--- YOUR ASSIGNMENT ---
With the pictures removed, please write out every line below exactly as given.
━━━━━ DATASET CONTENT
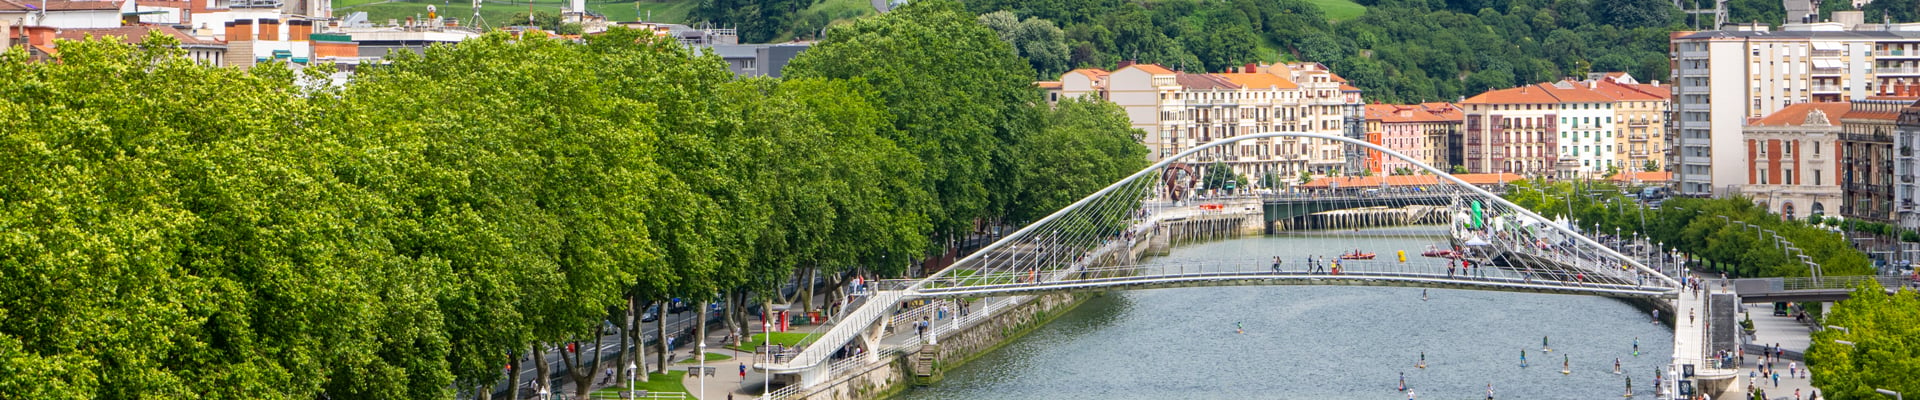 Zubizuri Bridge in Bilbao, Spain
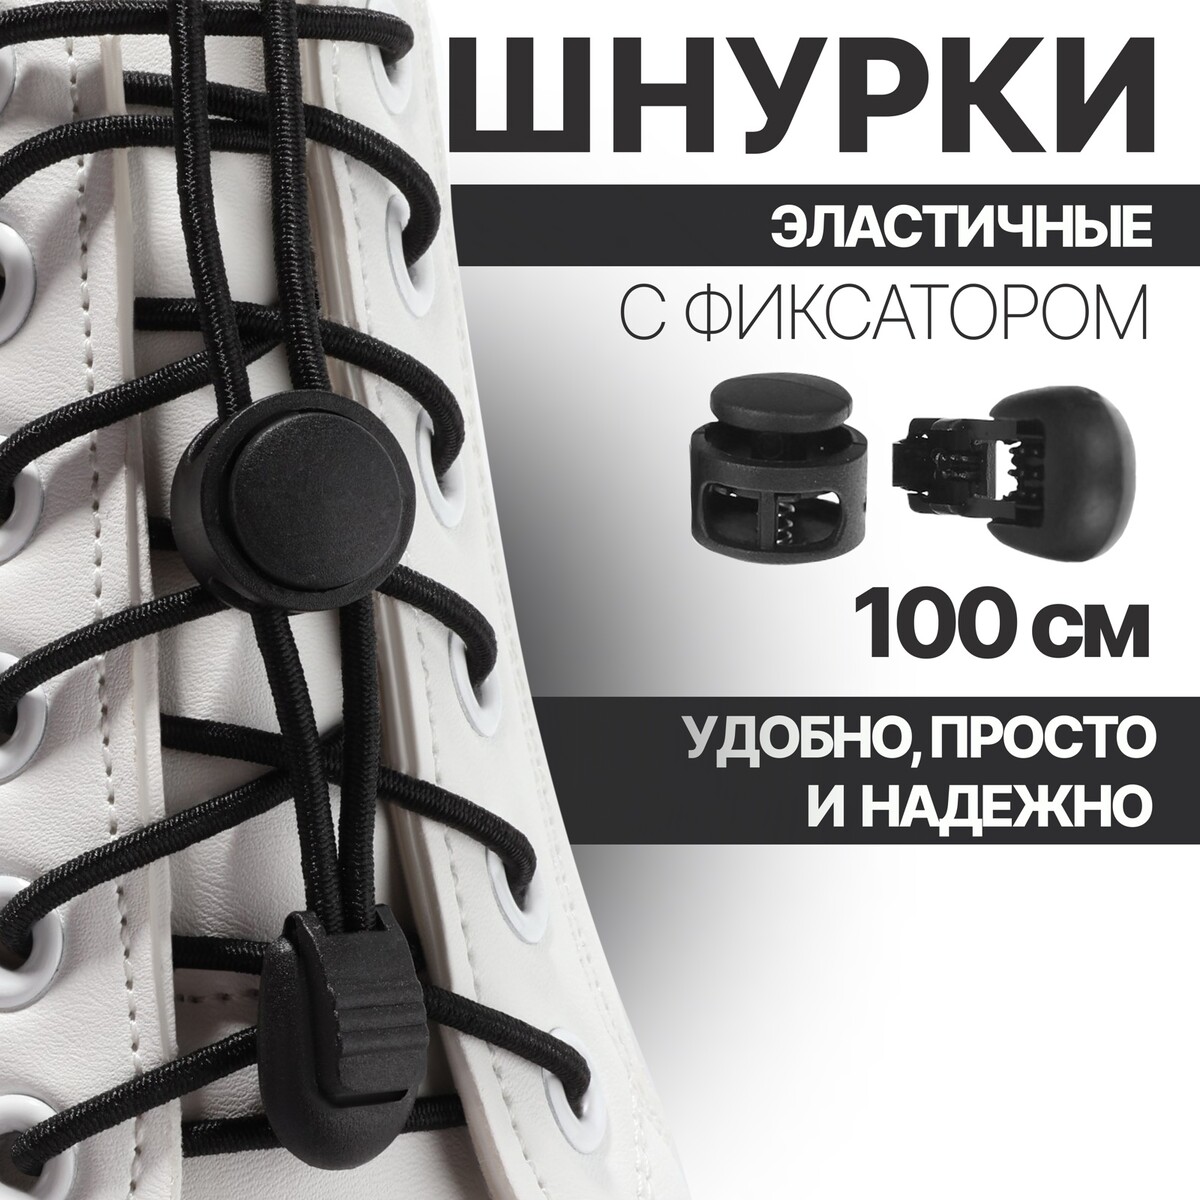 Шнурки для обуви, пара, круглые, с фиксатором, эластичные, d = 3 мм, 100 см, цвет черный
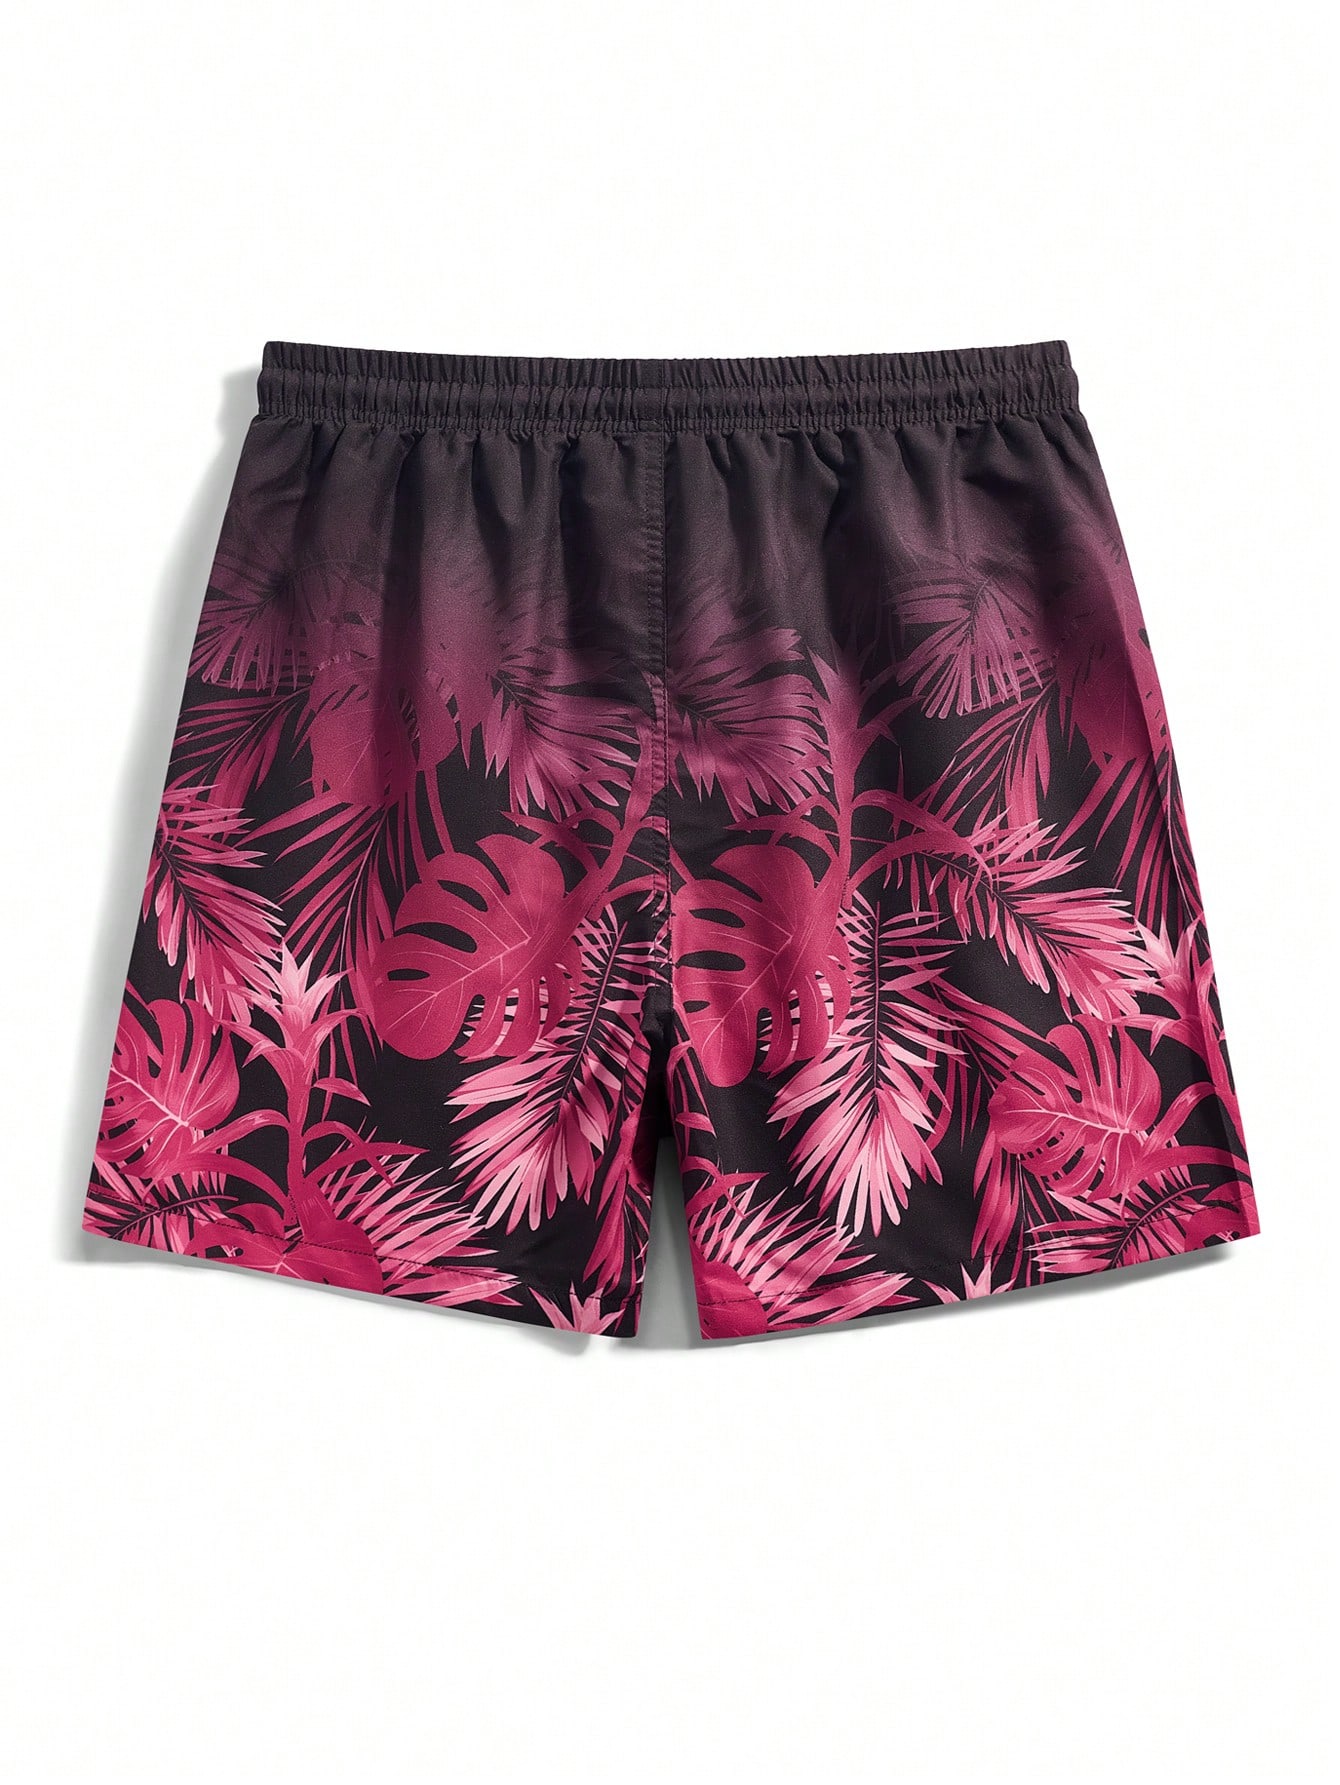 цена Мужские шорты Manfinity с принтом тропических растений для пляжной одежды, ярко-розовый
━━━━━━━━━━
--- SOLUTION FOR THIS PROBLEM ---
 Zubizuri Bridge in Bilbao, Spain
 Шнурки для обуви, пара, круглые, с фиксатором, эластичные, d = 3 мм, 100 см, цвет черный
 цена Мужские шорты Manfinity с принтом тропических растений для пляжной одежды, ярко-розовый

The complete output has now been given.